The most prevalent alterations in prostate cancer genomes are fusions of androgen- regulated promoters with ERG and ETS family of transcription factors. 40-50% of prostate tumor foci translating to over 100,000 cases annually in the US amounts to TMPRSS2-ERG fusion type of molecular alteration [60,61]. Besides these, the most frequently mutated genes in primary prostate cancers are SPOP, TP53, FOXA1, and PTEN [62]. Among the several different subtypes of PCa reported, ERG subtype was found to be lower (27.3%) while the SPOP subtype was more (22.7%) prevalent among AA subpopulation than EAs. The common chromosome 8q24 variants associated with increased prostate cancer risk, has been found to be increased in African – American men [63-65]. Other genetic variations suppressing tumors such as EphB2 [66] or regulating cell apoptosis such as BCL2 [67] are found to be significantly higher in AA men. These genetic variations manifest a more aggressive form of the disease in AA men, although external factors such as disparities in lack of adequate screening and access to healthcare cannot be neglected.

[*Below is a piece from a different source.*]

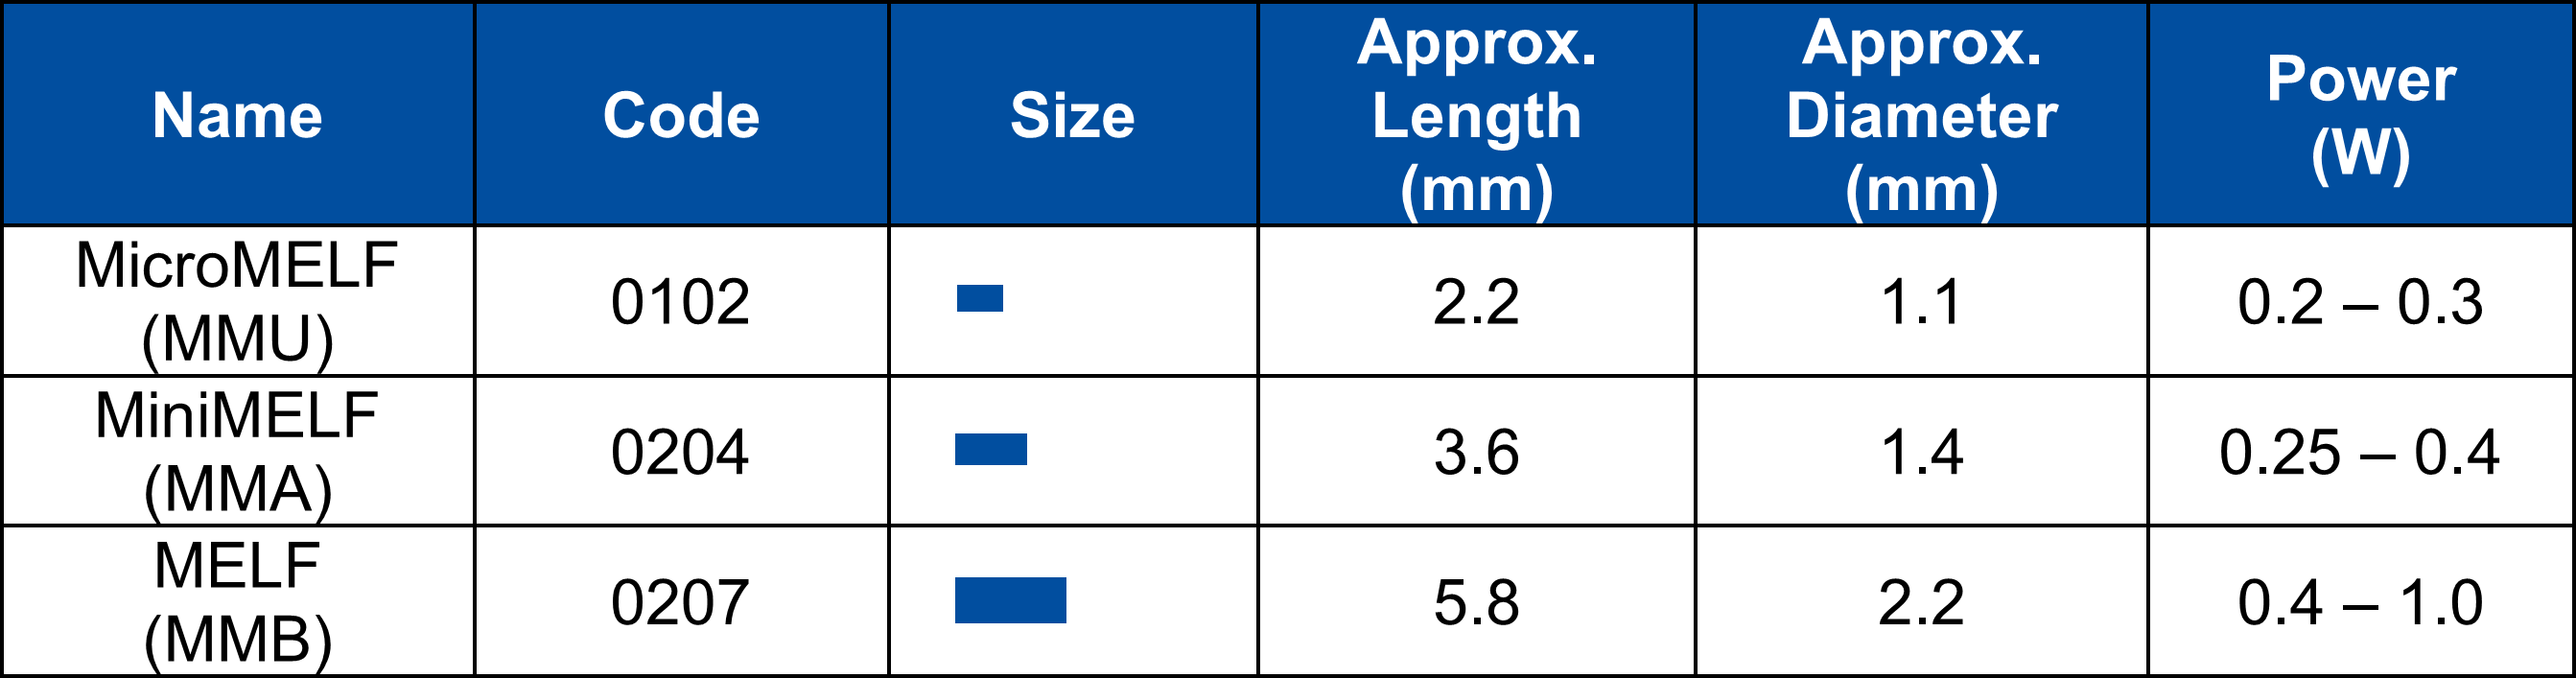 Guide to Resistor Sizes and Packages

Genomic and transcriptomic dysregulation such as SPOP mutations, TMPRSS2-ERG fusions, PTEN deletions/losses, immune signaling, and expression of non-coding RNAs have been reported to be significantly different in AA men than EA men [68]. Genomewide association studies (GWAS) have identified novel susceptibility loci in African men [64,69,70]. Jaratlerdsiri et al. [71] reported the use of deep whole genome sequencing (WGS) for profiling genomic variation in somatic variants in men with PCa from Africa, particularly South Africa and found an overall 1.8-fold increase in somatic variants in African tumors as opposed to those of European ancestry, although genomic rearrangements were found to be less frequent. Other genomic rearrangements reported in African men were in accordance with those reported in African - American men. Androgen receptor (AR) is an intracellular hormone receptor and a transcription factor and the androgen receptor (AR) signaling is a critical parameter in PCa pathogenesis [72]. Exon encoding aminoterminal transcriptional domain of AR consists of two polymorphic repeats of high frequency, CAG and GGN. The length of CAG repeats is reported to be different in AA (average 19-20) and EA (average 21-22) races. Additionally, CAG repeats polymorphism has been found higher in AA men, increasing the risk of PCa in them [73&74].

p53 polymorphisms

The transcription factor p53, encoded by TP53 gene, is also known as the guardian of the genome and plays a major role in regulation of the cell cycle, DNA repair, apoptosis and as a tumor suppressor [75]. Somatic mutations in p53 have been suggested in ~50% of cancers although relatively low in PCa (76,77). Missense mutations are the most common type of mutations reported for p53 in cancers. In the TGCA cohort, a whole genome sequencing of 333 samples from men with localized prostate cancer detected a mutation rate of 8% in TP53 [78]. Whereas, in castrationnaïve metastatic prostate cancer, TP53 mutations were found to be significantly higher ranging between 28% to 36% than those in primary prostate cancer but lower than those found in Castration-resistant prostate cancer (CRPC) [79-81]. Therefore, the marked differences in TP53 across different grades of prostate cancer indicate towards the immunological target mutant p53 [82]. However, cytoplasmic localization of p53 and wild type nuclear localization signal/sequence (NLS) have been reported in association with BKV LTag in PCa, rendering the possibility of mutant p53 as an immunological target [20&22]. Cytosolic p53 expression has been shown to be associated with poor outcome and progression to CRPC (83). A study demonstrated that combined therapy of Pmp53 (a plasmid harboring both mdm2 siRNA (Si-MDM2) and the wtp53) with zinc inhibited tumor growth in mouse xenograft models, while retaining wild-type p53 conformation, thereby enhancing the downstream transcriptional regulation of p21 and bax gene expression. The in-vivo findings in this study were supplemented with an in vitro culture of PCa cell lines analysis, showing a similar positive effect on cell cycle arrest and apoptosis [84]. Another study demonstrated restoration of the native p53 function in PCa by knockdown of G3BP2, an AR target gene that associates with SUMO E3 ligase RanBP2 and promotes p53 nuclear export, thus increasing p53 nuclear accumulation and reduced tumor growth in-vivo, indicative of G3BP2 as a plausible therapeutic target to restore native p53 function in PCa [83]. Moreover, while Suzuki et al. [85] reported that the Pro/Pro genotype of p53 codon72 was associated with a risk of PCa only in patients with a family history of Japanese population. A metaanalysis suggested a weak association of p53 codon Pro72Arg polymorphism with prostate cancer risk [86].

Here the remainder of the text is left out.